(Exercise description):
Transcribe the material verbatim, starting at its first line and stopping once the line containing "Simsant Moon Dreamcatcher" has been given; no picture should appear.

(Material provided):
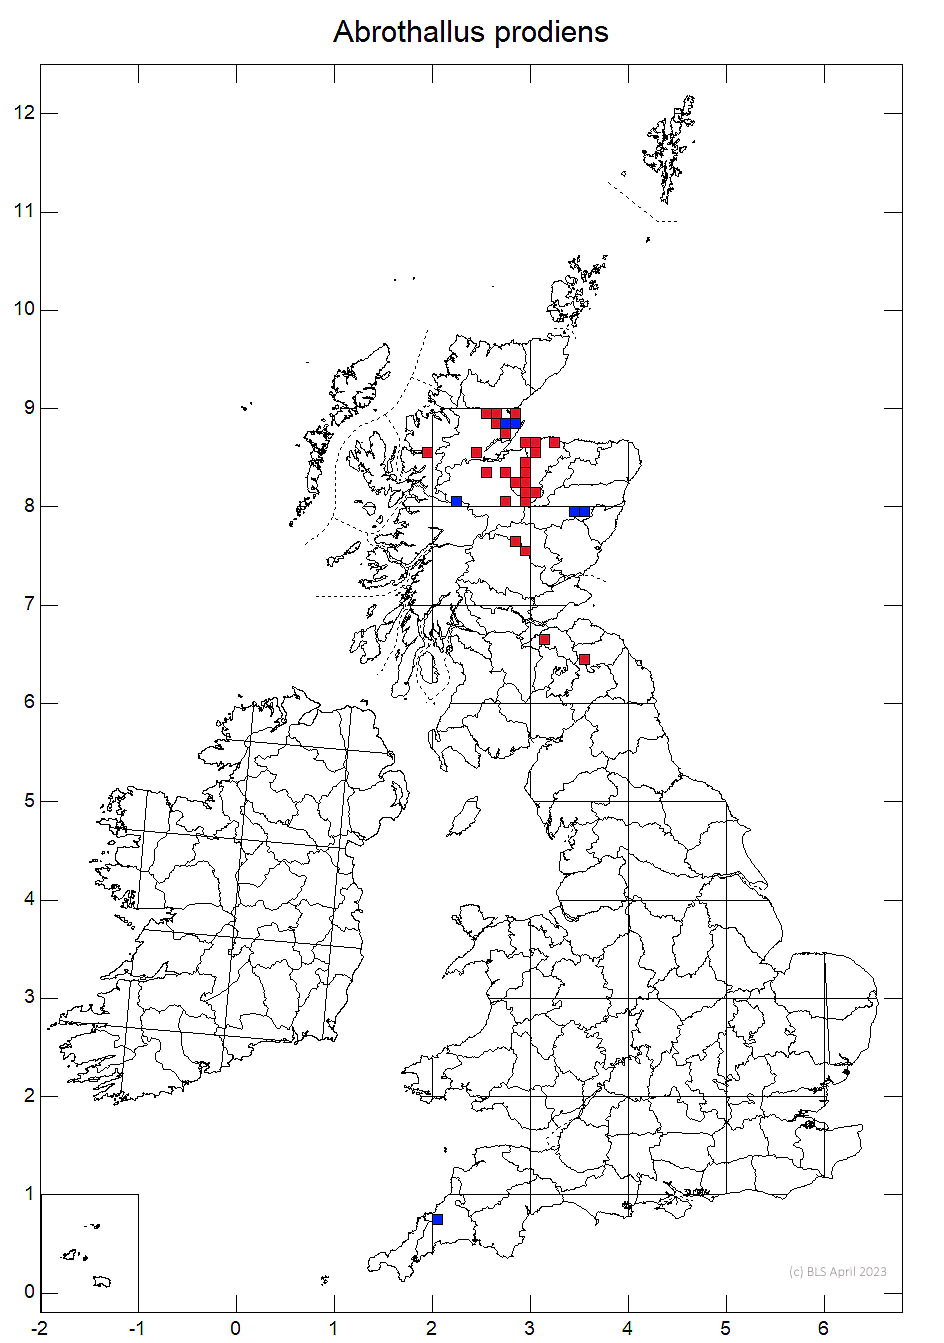 Abrothallus prodiens 10km sq distribution map
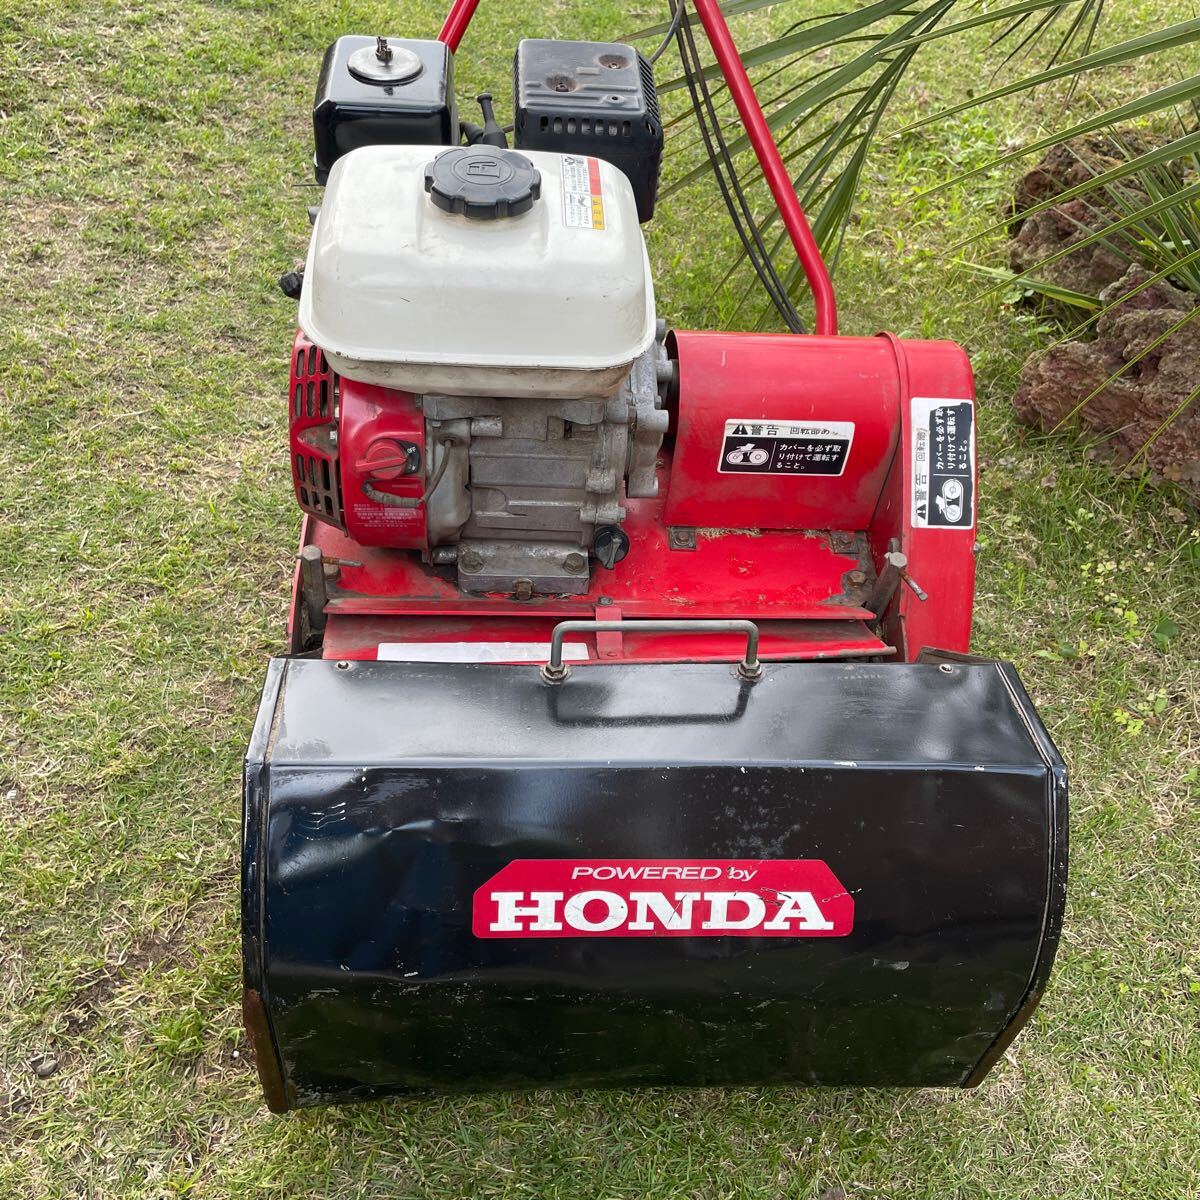  Honda self-propelled lawnmower HL-164 glass kyachi attaching stylish garden ..
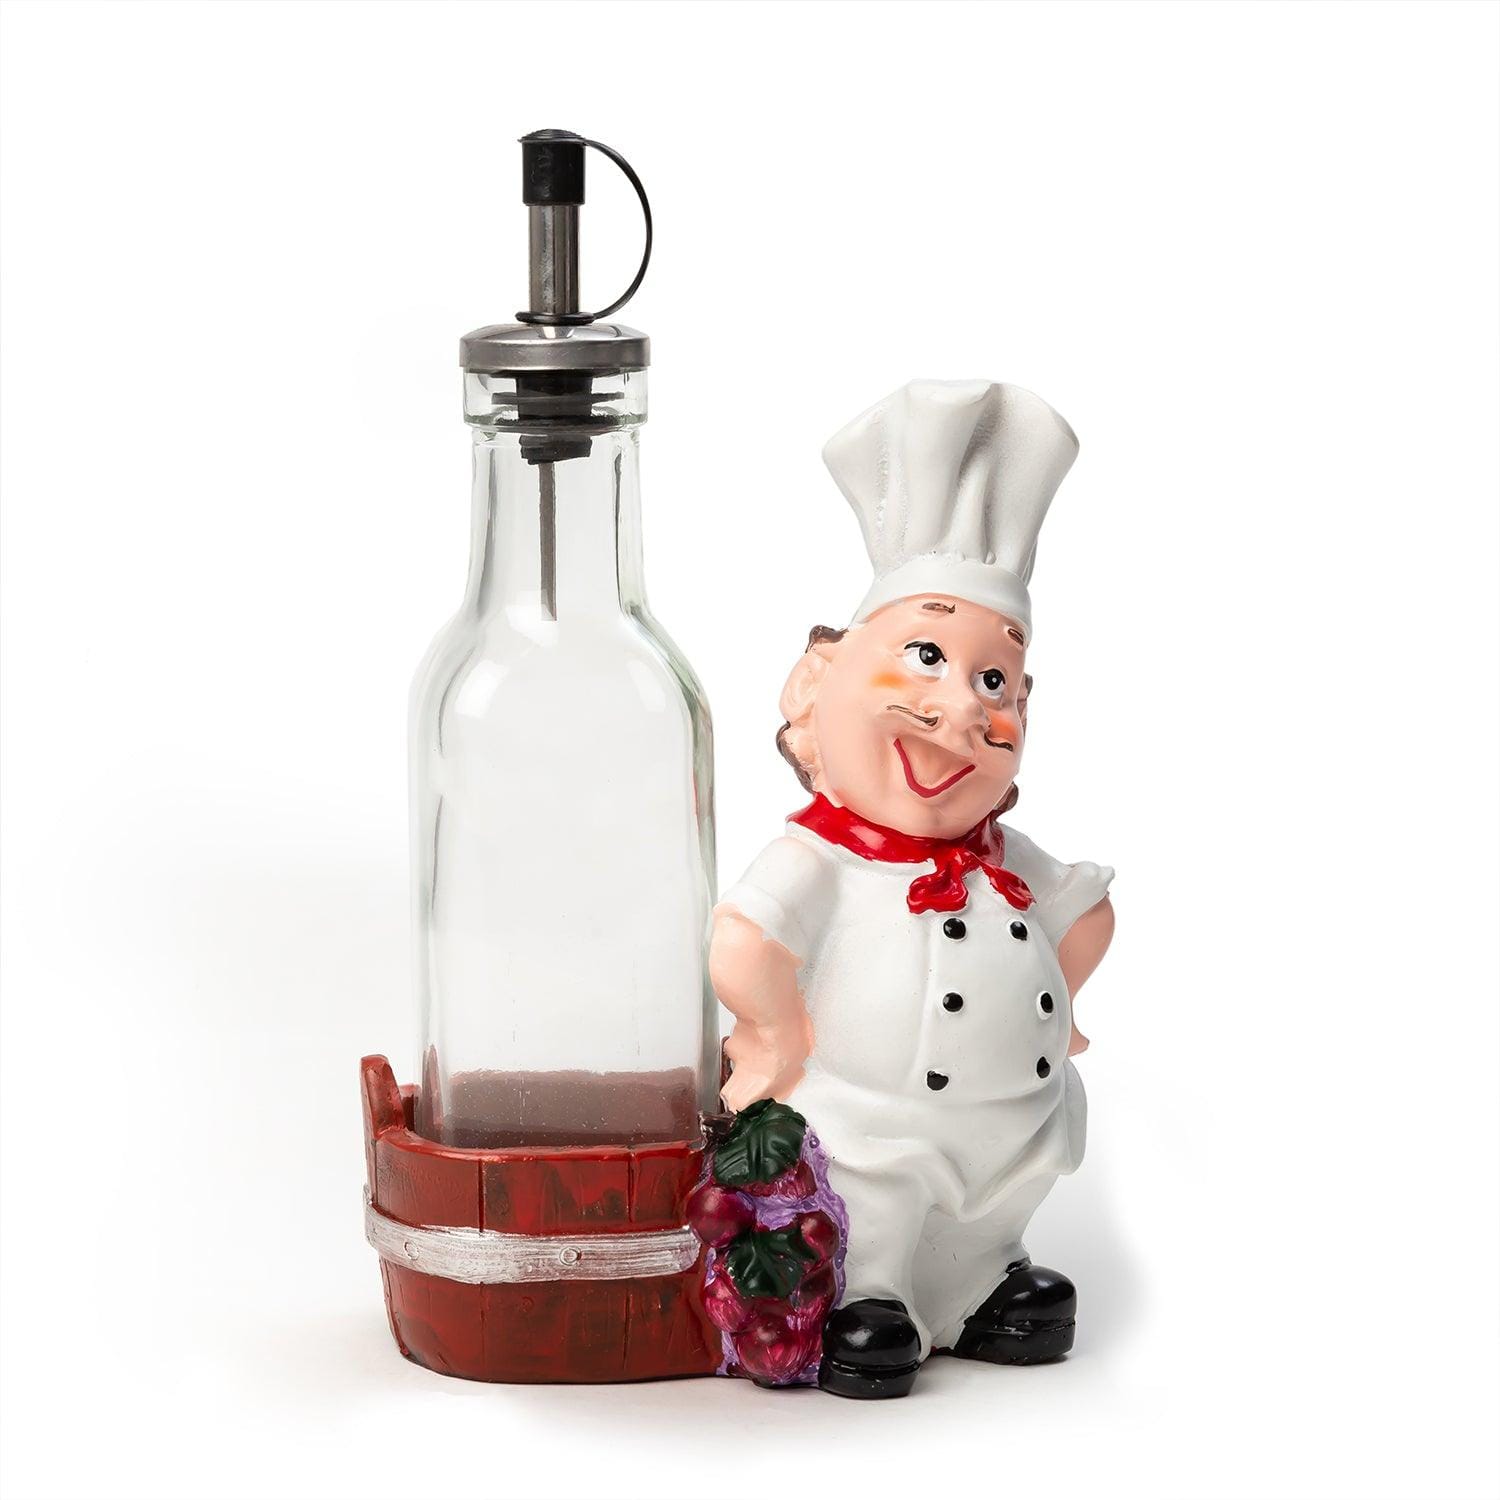 Foodie Chef Figurine Resin Oil & Vinegar Bottles Holder in Light Brown Basket Set
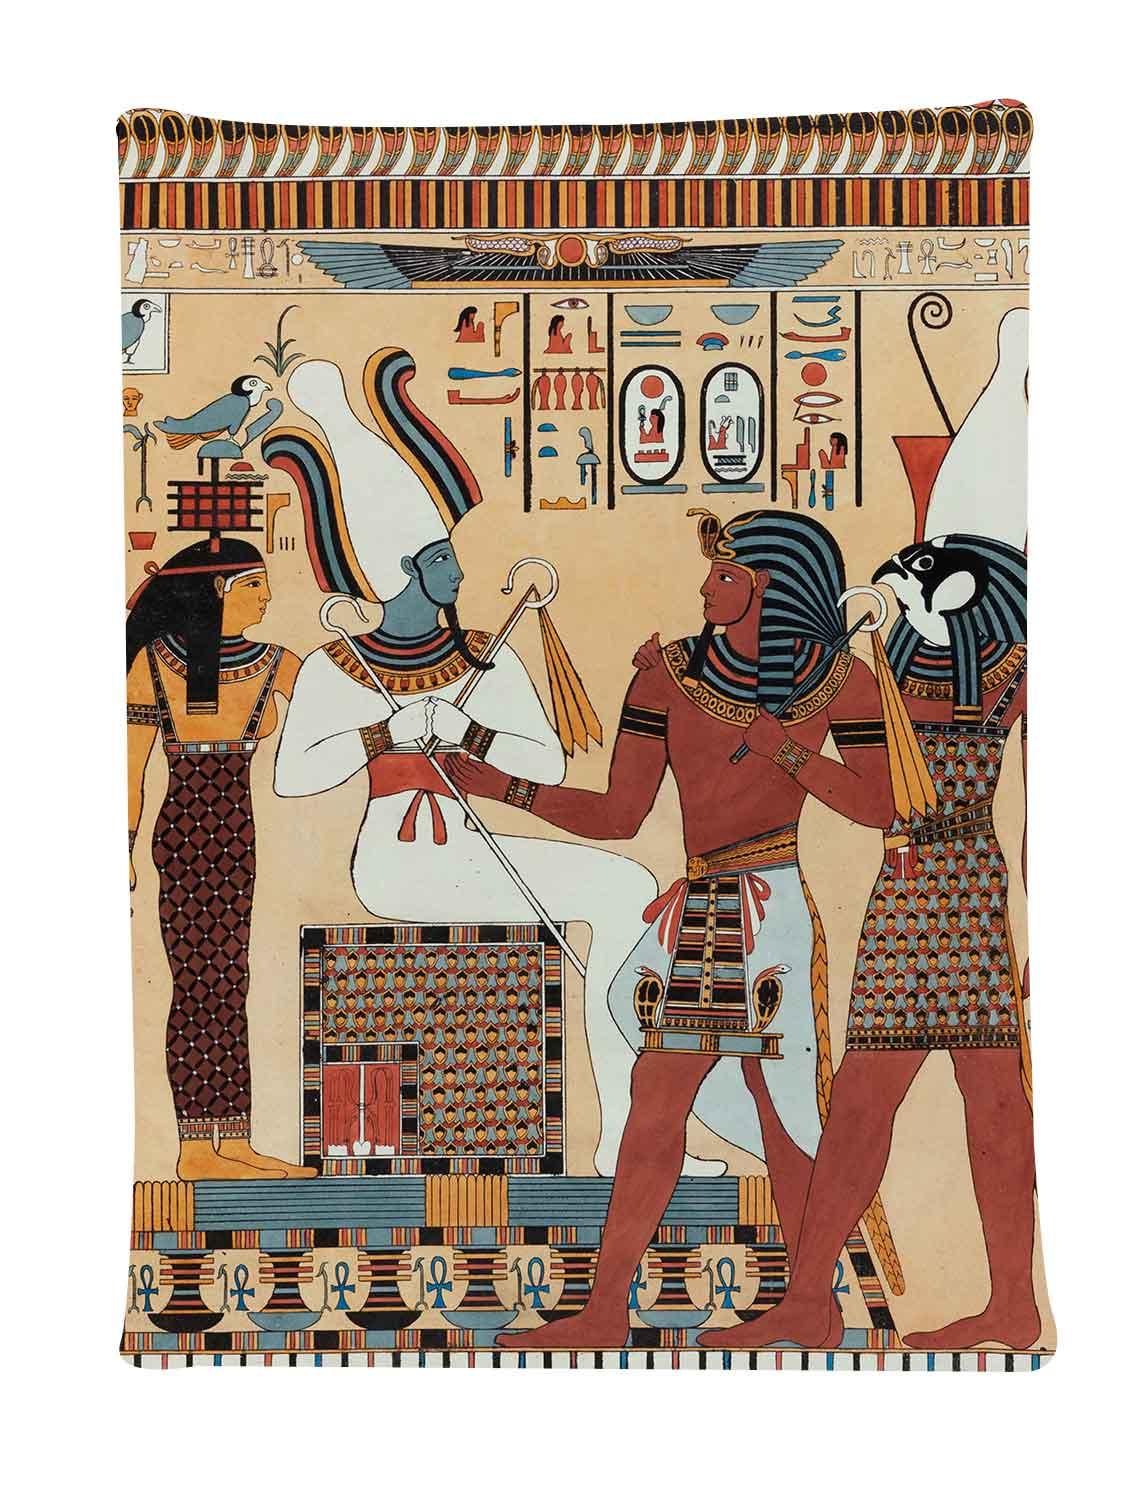 Simsant Moon Dreamcatcher Tapestry Ancient Egypt Mythology Art Wall Hanging Tapestries for Living Room Home Dorm Decor
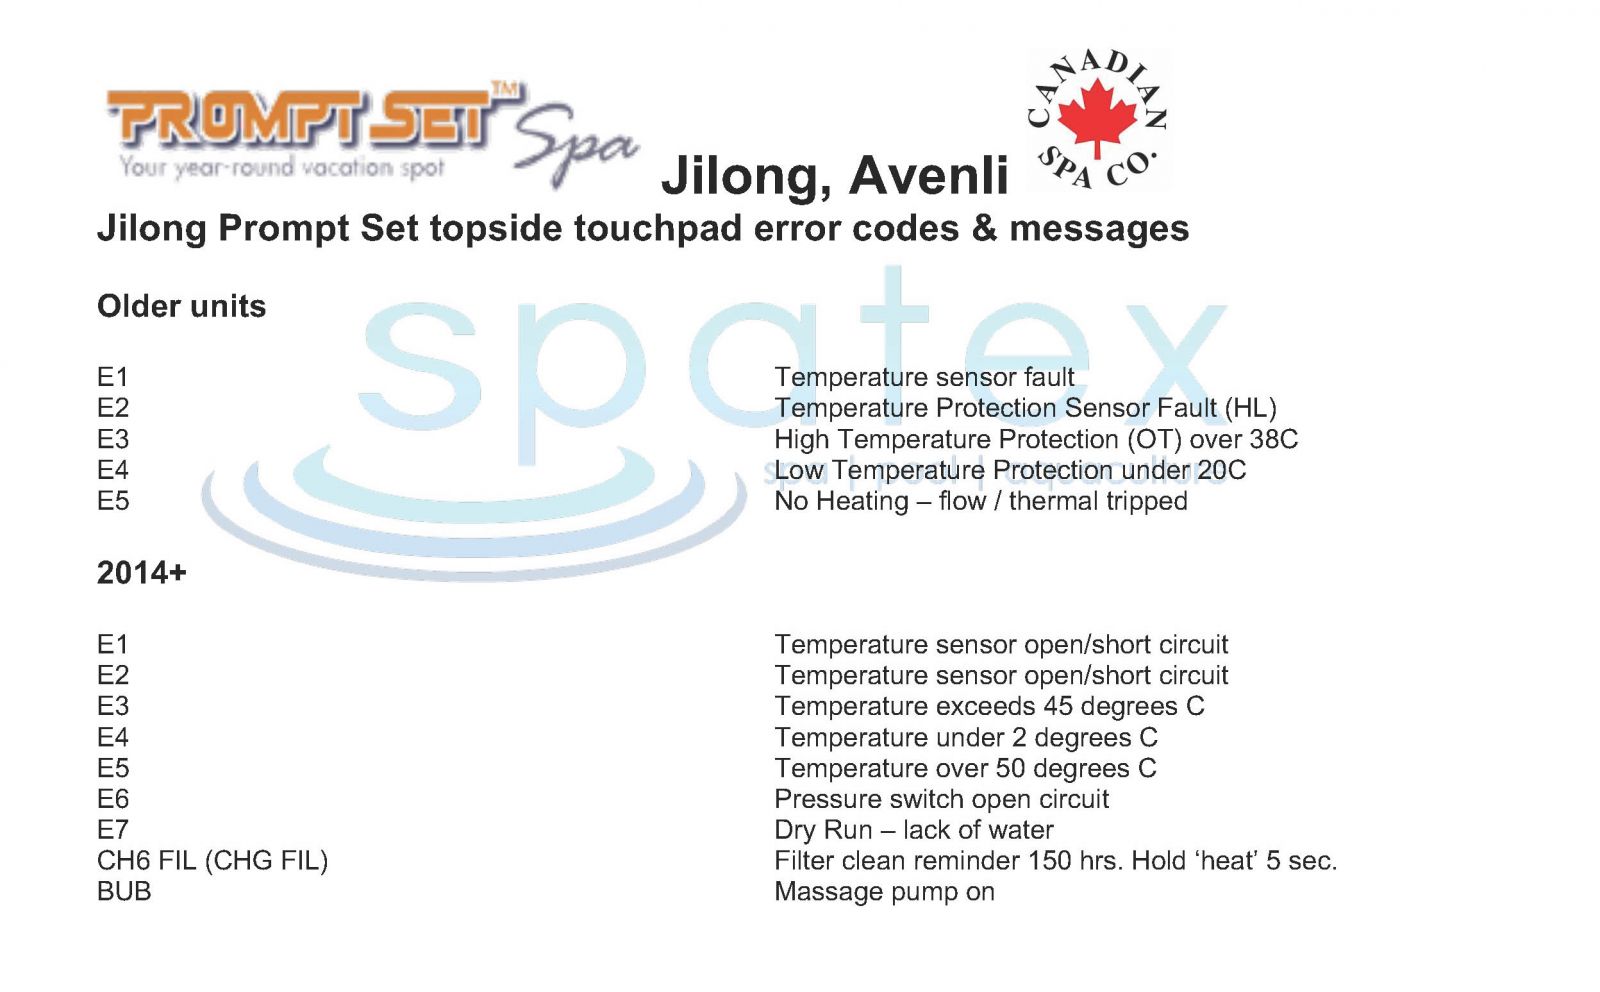 Prompt Set, Jilong, Canadian Spa Co topside fault code

(Reply):
 Abrothallus prodiens 10km sq distribution map
  Honda self-propelled lawnmower HL-164 glass kyachi attaching stylish garden ..
 Foodie Chef Figurine Resin Oil & Vinegar Bottles Holder in Light Brown Basket Set
 Simsant Moon Dreamcatcher Tapestry Ancient Egypt Mythology Art Wall Hanging Tapestries for Living Room Home Dorm Decor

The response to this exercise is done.